Jim Harrison


Jim Harrison probably doesn’t drink Dos Equis, but the 77-year-old writer of Legends of the Fall and some three-dozen other books get my vote as the most interesting man in the world. Born and raised in rural Michigan, Harrison studied at the State University in East Lansing, and, for a short time, fell very hard for religion. A kind of artistic awakening converted him to the church of poetry and Harrison somewhat jokingly says that he took vows of poverty and devotion to his new gods, the muses. After winning a Guggenheim fellowship and receiving a desperately needed loan from his pal Jack Nicholson, Harrison wrote the hugely famous novella Legends of the Fall—in nine days—and the book was adapted into the film by Robert Redford, starring Brad Pitt and Anthony Hopkins. Harrison then found some wildly lucrative work writing screenplays in Hollywood, and ran around with the beautiful and the damned, eating and drinking like a Roman Emperor whenever he could. Harrison’s memoir of the meals and drinks and tall tales over the years, The Raw and the Cooked, is one of the greatest food books, well, ever, and he still throws down at tables with the Mario Batalis and Anthony Bourdains of the world. Not that that has ever gotten in the way of his writing.

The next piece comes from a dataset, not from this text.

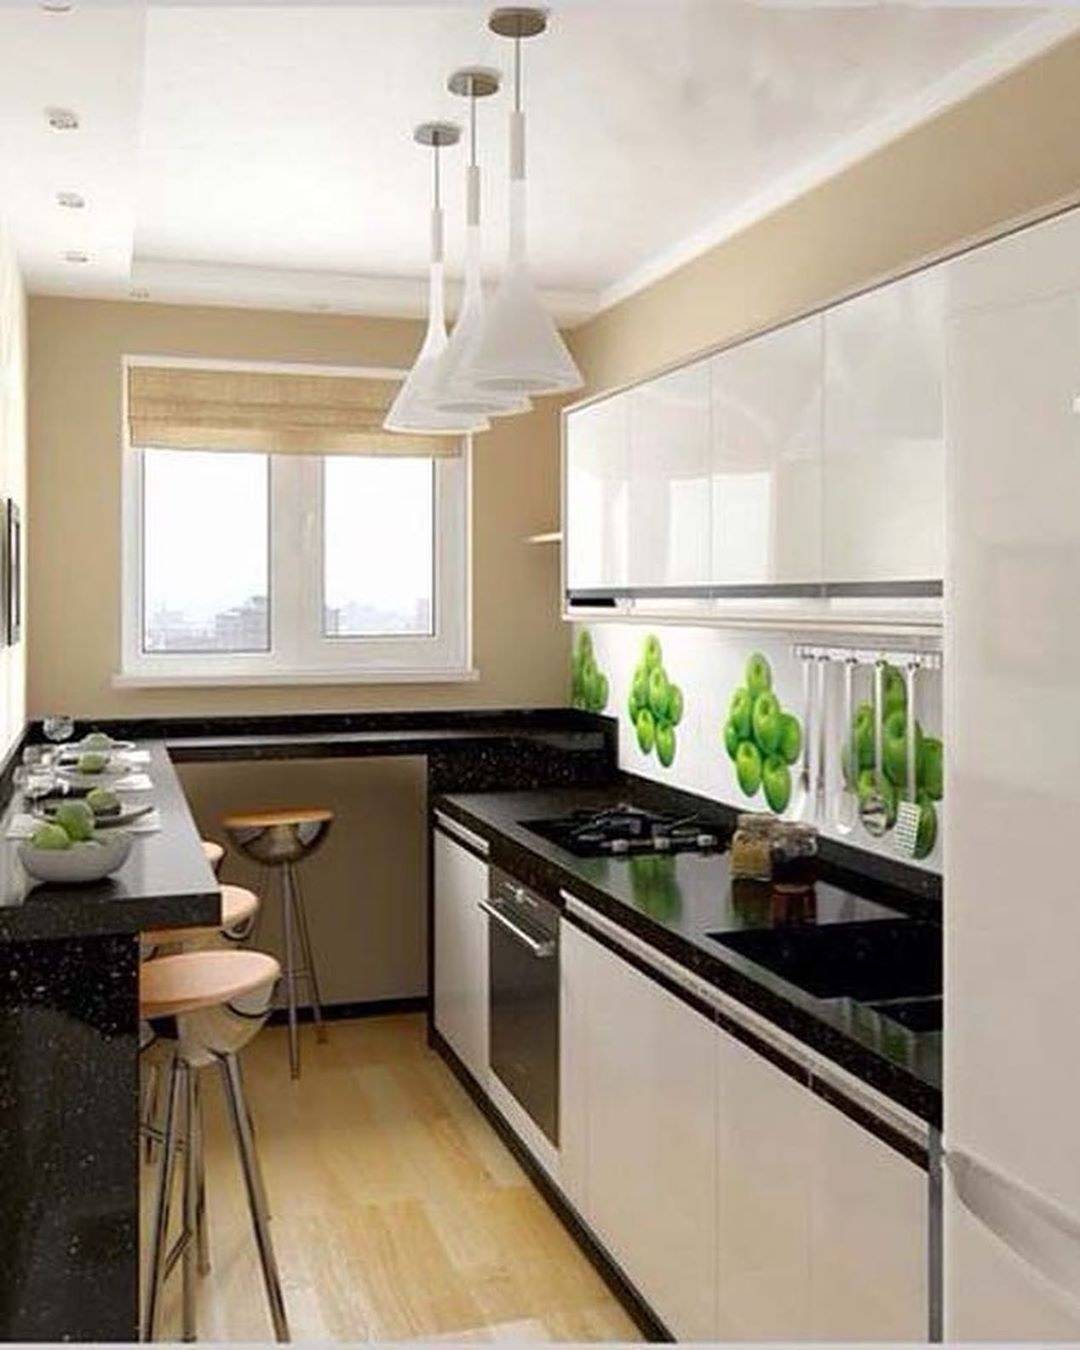 Дизайн узкой кухни: расстановка мебели и техники, цветовое оформление стен и организация освещения комнаты

A longtime student of Zen, Harrison manages to stay in the moment pretty well. He doesn’t think about awards or leaving a legacy, though (and I love this), when pushed, he says that when he is remembered he would like people to say, “‘Now there is a man who got his work done.'” And does he ever. For the last two dozen years, Harrison has written about a book per year as he shuttles between his cabin on the Michigan Upper Peninsula, and Montana, for brown trout fishing, and on to southern Arizona, where he still hunts fairly regularly (though less often and only for fowl these days).

Harrison’s new book, The Big Seven (Grove) continues many of his primary concerns as a writer—mortality, masculinity, and the search for a spiritual existence chief among them—following a retired police officer as he assesses himself and his relationship with the seven deadly sins. The ex-cop, Sunderson, is no saint. Nor is Harrison. But they have some great stories to tell.

P.S.—The book by Michael Ondaatje, which I continually refer to in the recording as Cat’s Cradle, is of course The Cat’s Table.